AIR: Most long-distance internal travel is by air. The Civil Aviation Administration of China (CAAC) operates along routes linking Beijing to over 80 other cities. CAAC controls several other private carriers including China Eastern, China Northern, China Southern, Great Wall and Yunnan Airlines. Tickets will normally be purchased by guides and the price will be included in any tour costs. Independent travellers can also book through the local Chinese International Travel Service (CITS), which charges a small commission, or alternatively buy tickets in booking offices. It is advisable to purchase internal air tickets well in advance if travelling during May, September or October. The tourist price for a ticket is 70 per cent on a train ticket and 100 per cent on an air ticket. There are many connections to Hong Kong from Beijing/Guangzhou (Peking/Canton) as well as other cities.
Note: Where possible, travellers are advised to fly in UK or North American aircraft which are used by larger airlines.

Departure tax: RMBY50.

SEA/RIVER: All major rivers are served by river ferries. Coastal ferries operate between Dalian, Tianjin (Tientsin), Qingdao (Tsingtao) and Shanghai. There are regular ferry services between mainland China and Hong Kong.

RAIL: Railways provide the principal means of transport for goods and people throughout China. The routes are generally cheap, safe and well maintained. The major routes are from Beijing to Guangzhou, Shanghai, Harbin, Chengdu and Urumqi. There are four types of fare: hard seat, soft seat (only on short-distance trains such as the Hong Kong to Guangzhou (Canton) line), hard sleeper and soft sleeper.

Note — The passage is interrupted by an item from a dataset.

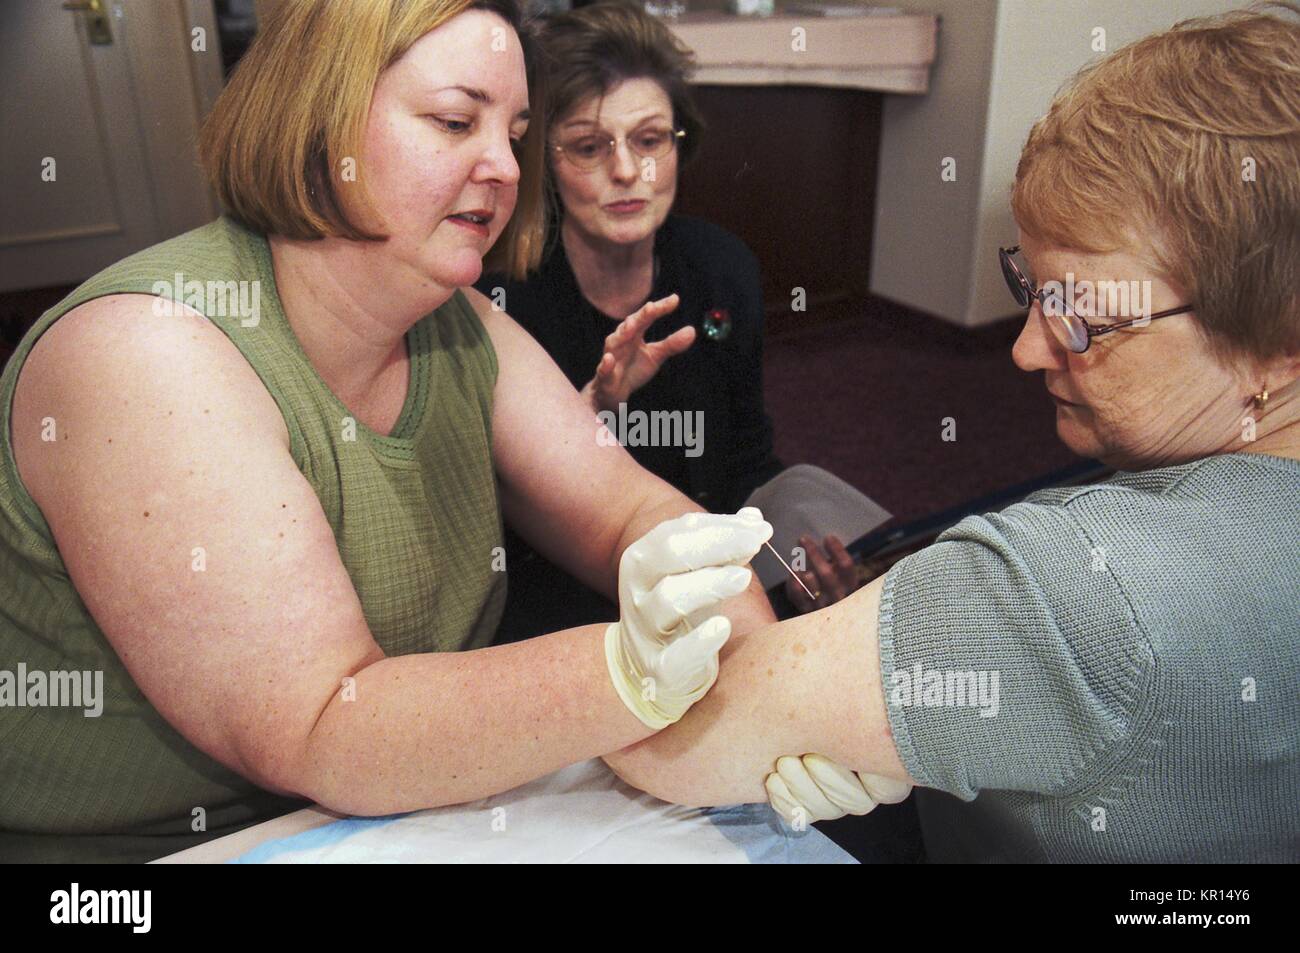 Lorna Will (Left) and Jacqueline Kowalski practice proper technique with a bifurcated needle as trainer Judy Gibson observes, 2002. In December 2002, CDC Clinicians trained state licensed vaccine administers how to deliver smallpox vaccine safely and efficiently. Once training was completed, they provided additional smallpox vaccine administration training in their home states. Image courtesy CDC. Stock Photo

Children under 1m (3ft) tall travel free and those under 1.3m (4ft) pay a quarter of the fare.

ROAD: Eighty per cent of settlements can be reached by road. Roads are not always of the highest quality. Distances should not be underestimated and vehicles should be in prime mechanical condition as China is still very much an agricultural nation without the mechanical expertise or services found in the West. From Beijing to Shanghai is 1461km (908 miles), and from Beijing to Nanjing (Nanking) is 1139km (718 miles). Traffic drives on the right. Bus: Reasonable services are operated between the main cities. Buses are normally crowded. Car hire: Available, but most rental companies’ policy of retaining the driver’s passport makes self-drive car hire impossible in practice for visitors. Cars with a driver can be hired on a daily or weekly basis.